Poza tym myślę, że może nawet nieświadomie, jest trochę zazdrosna o moją młodość i dlatego chce, żebym nie czuła się najlepiej ze sobą.

A jeśli jednak moje uczucia są uzasadnione, jak się uodpornić na jej teksty? Póki co przeżywam jej słowa i oglądam się potem w lustrze. Generują się moje nowe kompleksy, których nie miałam wcześniej (np. brzydka skóra na nogach, czy zwisająca twarz). Całe życie walczę z kompleksami, a ona dokłada mi nowych. Więc chciałabym nabrać dystansu, ale jak? Tylko nie doradzajcie urwania kontaktu, bo tego nigdy nie zrobię. Poza tymi tekstami jest naprawdę super mamą, zawsze mnie wspiera, zawsze stoi po mojej stronie, pomaga, doradza, rozmowy nam się nigdy nie nudzą.

Początek i koniec tekstu to jakbyś pisała o dwóch różnych osobach.
Współczuję takiej matki.
Ona rozładowuje na Tobie swoje złe emocje.
Widzi swoją nadchodzącą  starość, widzi jak nadgryza ją ząb czasu więc usiłuje dokopać Tobie, że jeszcze wiele lat młodości masz przed sobą.
Nie dawaj się, wyraź swój sprzeciw.

Rozbroił mnie ten "nadgryzajacy ząb czasu" big_smile

A tekst utorki zmęczył samym czytaniem.
A nie możesz zadzieje do mamy jeździć? Raz na miesiąc starczy. Albo jej powiedzieć, że jak Ci będzie docinać, to uszczuplisz kontakt?
Jak powie, że przesadzasz to powiedz, że to jej wina, bo sama do tego doprowadziła.
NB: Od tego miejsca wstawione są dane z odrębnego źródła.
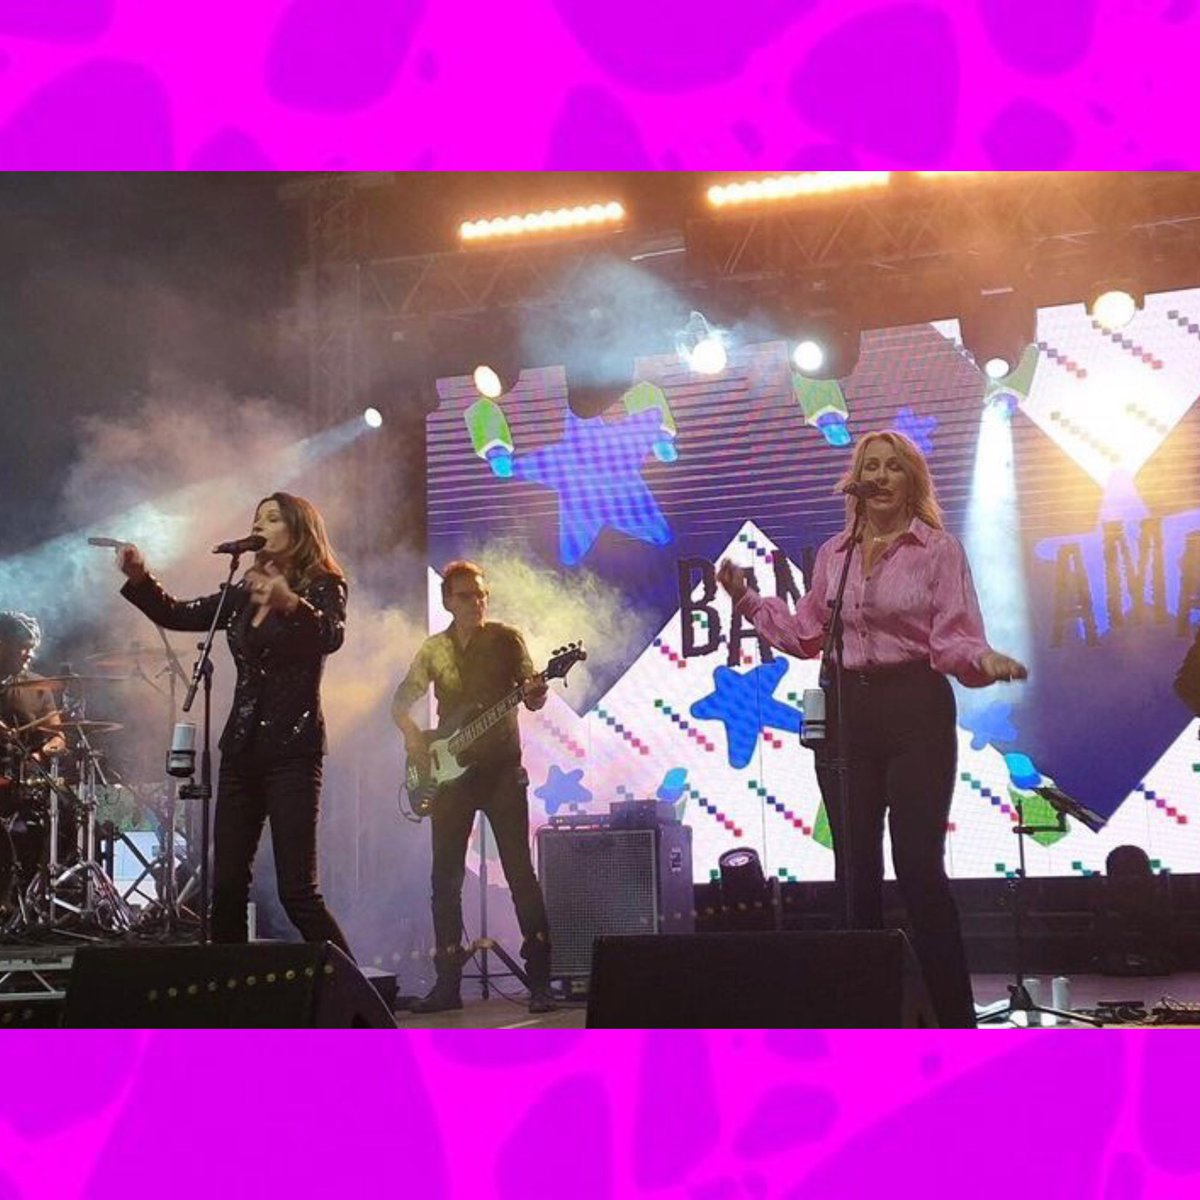 Flashback to 2019 performing @mightyhoopla 🎉 We’re thrilled to be back this Saturday 1st June to kickstart our summer festivals! We can’t wait to see you there☀️

10 Ostatnio edytowany przez Agnes76 (2024-05-27 18:15:03)

Odp: "komplementy" mojej mamy
Priscilla napisał/a:

Absolutnie NIE przesadzasz, a Twoja matka nie jest Twoją przyjaciółką, ale udaje przyjaciółkę. Równocześnie nie szanuje ani Ciebie, ani Twoich uczuć, stosuje przemoc emocjonalną i gaslighting, umniejszając Twoim emocjom i wprowadzając zamęt w interpretację tego, co słyszysz.
Również obstawiam, że jest zazdrosna o Twoją młodość, a swoje poczucie własnej wartości podnosi sobie Twoim kosztem.

Na Twoim miejscu nie bawiłabym się w żadne podchody, ale wprost powiedziała, że dotykają Cię jej słowa i nie życzysz sobie, aby się powtarzały. Nie daj przy tym zbić się z tropu, kiedy po raz kolejny usłyszysz, że jesteś przewrażliwiona, a to tylko żarty (to nie są żarty, ale wspomniany gaslighting, czyli jedna z najbardziej okrutnych form manipulacji). Jeśli się nie dostosuje, nie pozostaje Ci nic innego jak ograniczyć kontakty.
Jesteś dorosła, powinnaś nauczyć się stawiania granic, których innym nie wolno przekraczać
.

Dokładnie tak.
Matka rekompensuje sobie własne niskie poczucie wartości wywlekając najmniejsze nawet Twoje niedoskonałości.
Ludzie, którzy są zadowoleni z własnego życia nie szukają dziury w cudzym. Gdybyś ją pytała o zdanie miałaby prawo mówić co myśli. W tym przypadku niczemu dobremu jej rady/oceny nie służą.

Jak będziesz rozmawiać z nią raz na tydzień a widzieć się raz na miesiąc, to będziesz mieć  mniej okazji do wysłuchiwania tego typu przykrości.

11 Ostatnio edytowany przez Samba (2024-05-27 19:13:22)

Odp: "komplementy" mojej mamy
kłapouszka_be napisał/a:

- moi koledzy mówią że się brzydzą kobiet z nadwagą, że to tak obrzydliwe że od razu by ją wykopali z domu (sama ostatnio schudła, wygląda bardzo chudo, ma 40-parę kg, ale jest z tego dumna), podkreśla że wszyscy mężczyźni jakich zna lubią właśnie takie szczupłe jak ona, a nienawidzą nadwagi u kobiety; niby mówi o tym bez związku ze mną, no ale jak miało mnie to nie boleć?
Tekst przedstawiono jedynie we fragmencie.